→ **Problem statement**: Return all of the data below verbatim and exclude every picture.

→ **Recorded data**:
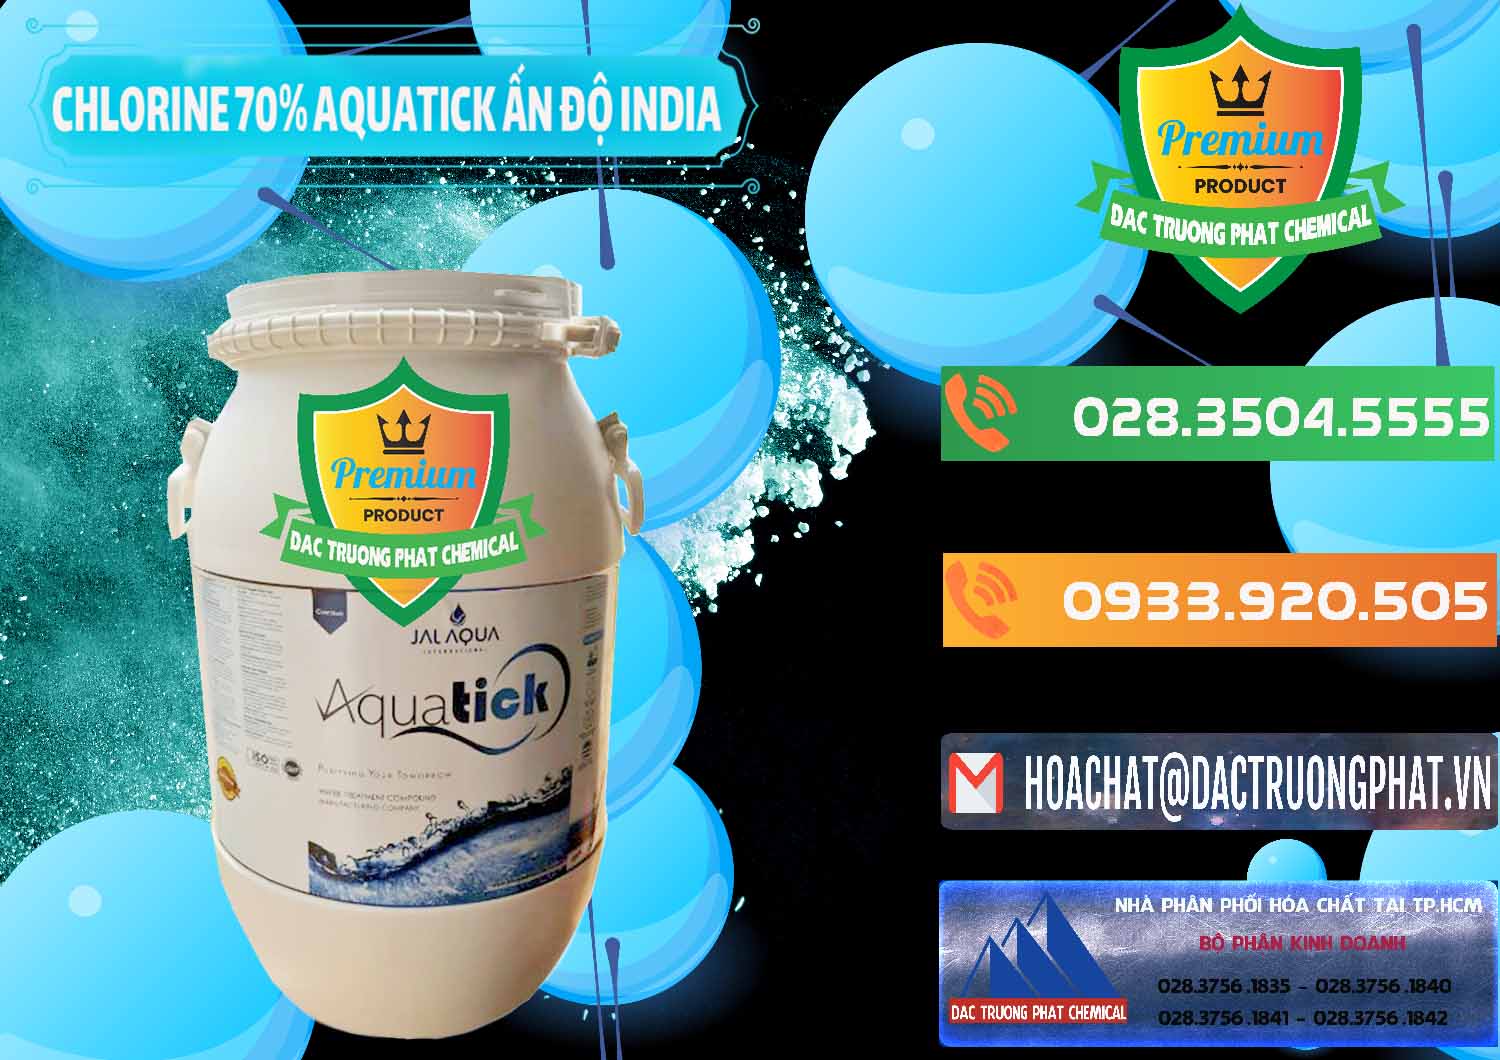 Cty bán ( cung cấp ) Chlorine – Clorin 70% Aquatick Jal Aqua Ấn Độ India - 0215 - Nơi bán & phân phối hóa chất tại TP.HCM - hoachatxulynuoc.com.vn
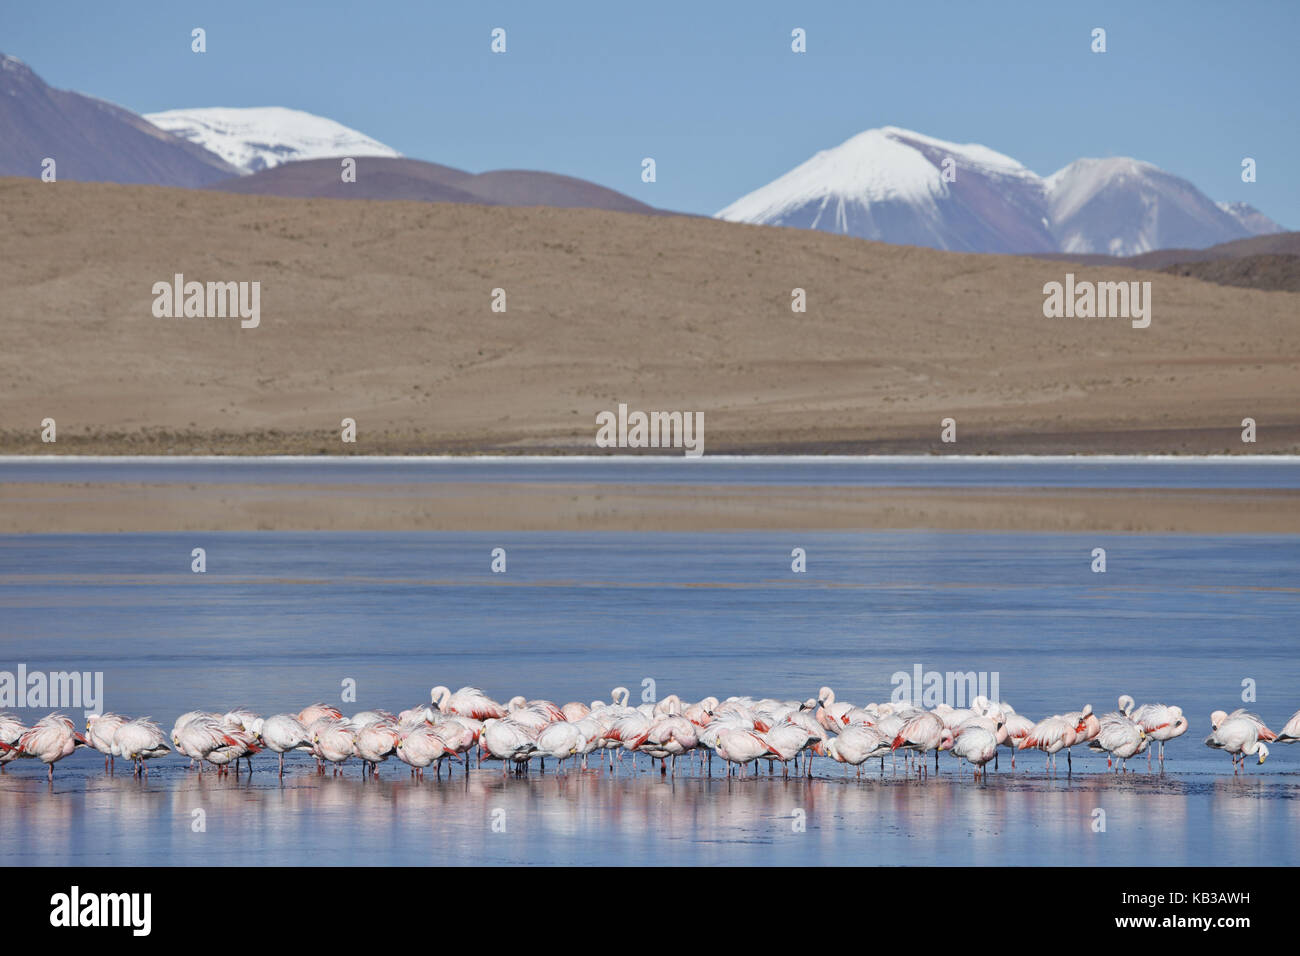 Bolivia, Los Lipez, Laguna Canapa, Andes flamingos, Stock Photo
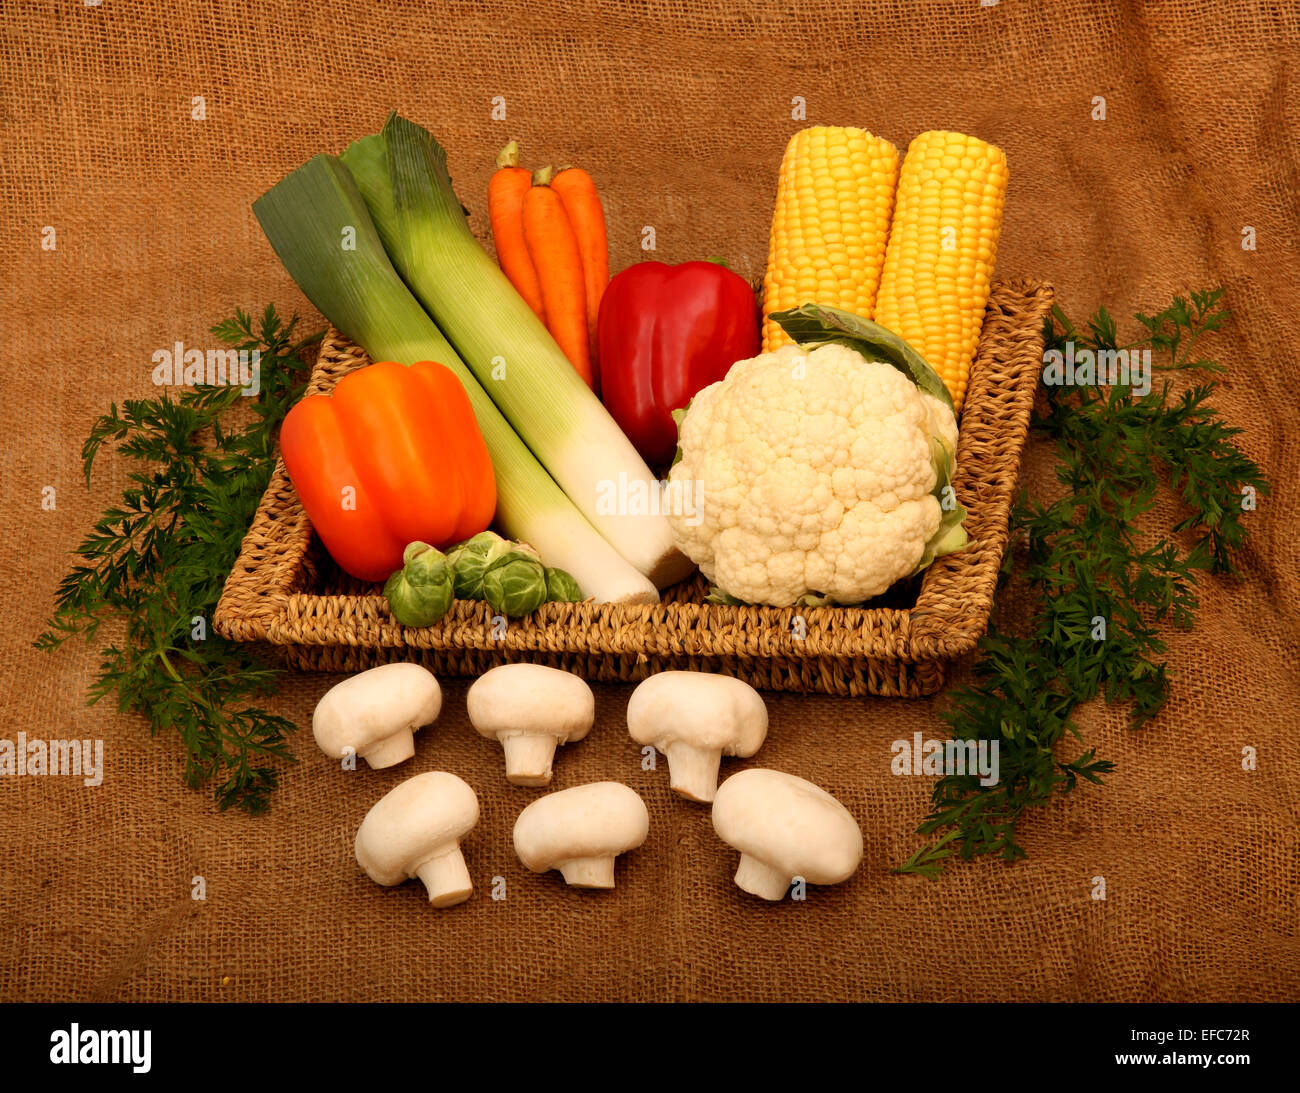 Un vassoio di vimini contenenti una varietà di verdure con foglie di carota accanto al vassoio, tutti su di un panno di tela Foto Stock

→ **Answer section**:
 Cty bán ( cung cấp ) Chlorine – Clorin 70% Aquatick Jal Aqua Ấn Độ India - 0215 - Nơi bán & phân phối hóa chất tại TP.HCM - hoachatxulynuoc.com.vn
 Bolivia, Los Lipez, Laguna Canapa, Andes flamingos, Stock Photo
 Un vassoio di vimini contenenti una varietà di verdure con foglie di carota accanto al vassoio, tutti su di un panno di tela Foto Stock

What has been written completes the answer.